DRDoS stands for Distributed Reflective Denial of Service. It’s a type of DDoS attack that uses third-party servers to amplify the attack traffic and hide the attacker’s identity.
Instead of sending traffic directly to the victim, the attacker sends requests to legitimate servers (called reflectors) with the victim’s IP address spoofed as the source. These servers then respond to the victim, flooding it with traffic.
🔁 How It Works (Step-by-Step)
- Spoofing: The attacker sends requests to a reflector server (like a DNS or NTP server), but fakes the source IP to be the victim’s.
- Reflection: The reflector server replies to the spoofed IP—sending the response to the victim.
- Amplification: The response is often much larger than the original request, multiplying the impact.
- Flooding: Thousands of reflectors send amplified responses to the victim, overwhelming its resources.
📈 Amplification Factor
One of the key features of DRDoS is amplification—small requests generate large responses.
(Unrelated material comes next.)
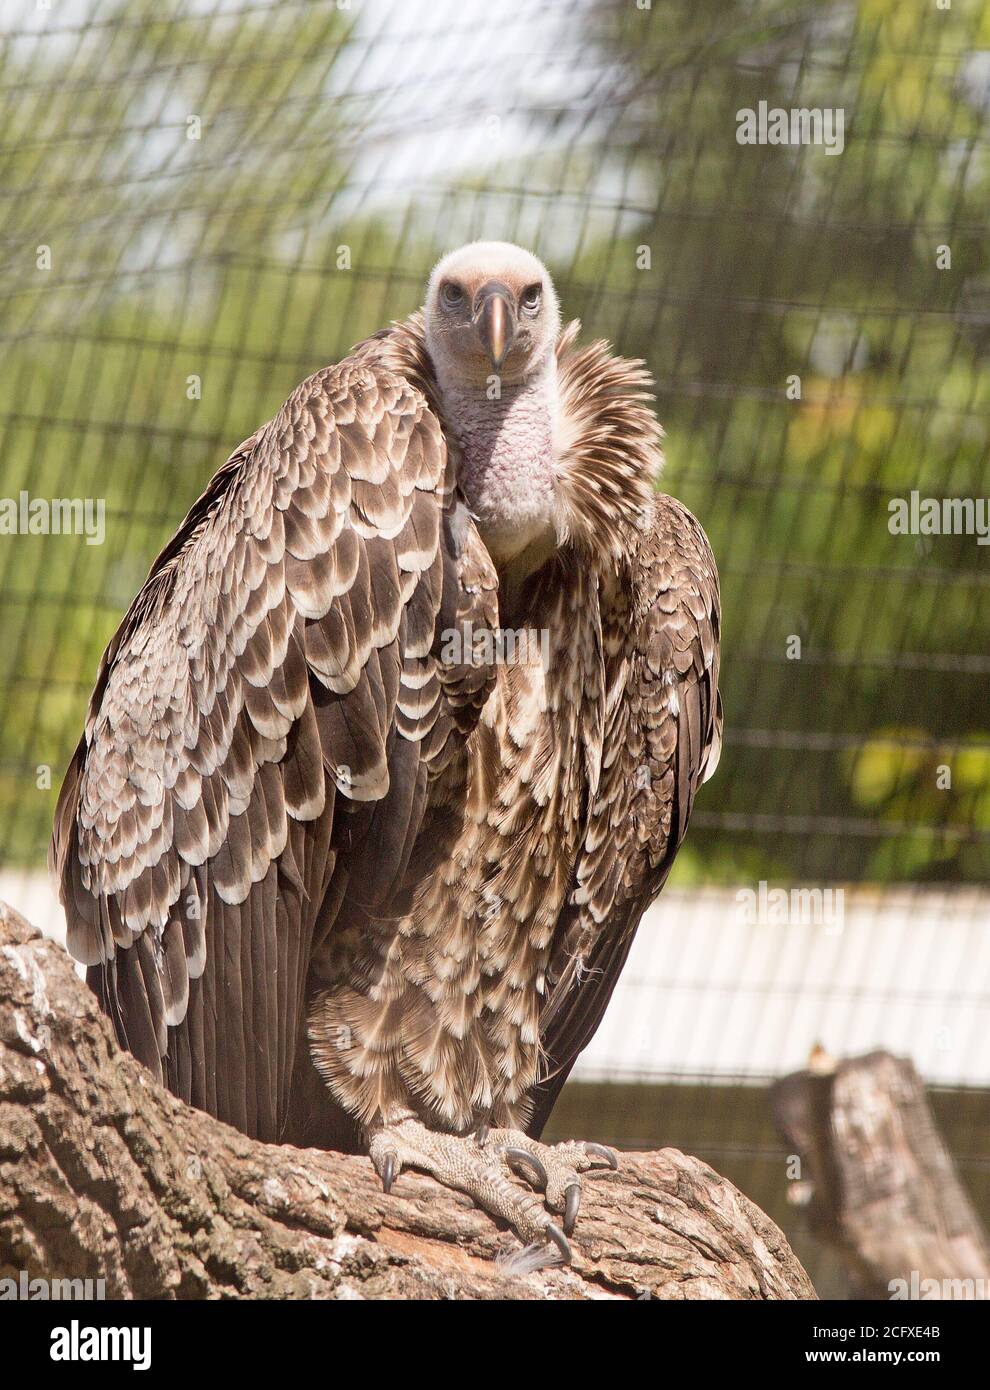 Griffon Vulture (Gyps fulvus) riposandosi su un tronco di legno in cattività che guarda direttamente in fotocamera Foto Stock

Here are some common protocols used:
Protocol | Amplification Factor | Description |
---|---|---|
DNS | Up to 50x | A small query can trigger a large response. |
NTP | Up to 500x | Exploits the “monlist” command to get a list of clients. |
SNMP | Up to 1000x | Used in network management systems. |
Chargen | Up to 100x | Echoes back characters—can be abused for flooding. |
🧯 Why DRDoS Is Dangerous
- Hard to Trace: The attack traffic comes from legitimate servers, not the attacker.
- Highly Amplified: Small effort, massive impact.
- Targets Infrastructure: Can take down websites, DNS servers, or entire networks.
🛡️ How to Defend Against DRDoS
- Rate Limiting: Limit the number of requests per IP.
- Ingress Filtering: ISPs can block spoofed packets.
- Disable Unused Services: Turn off vulnerable protocols like NTP or Chargen if not needed.
- Use DDoS Protection Services: Cloudflare, Akamai, and others can absorb and filter attack traffic.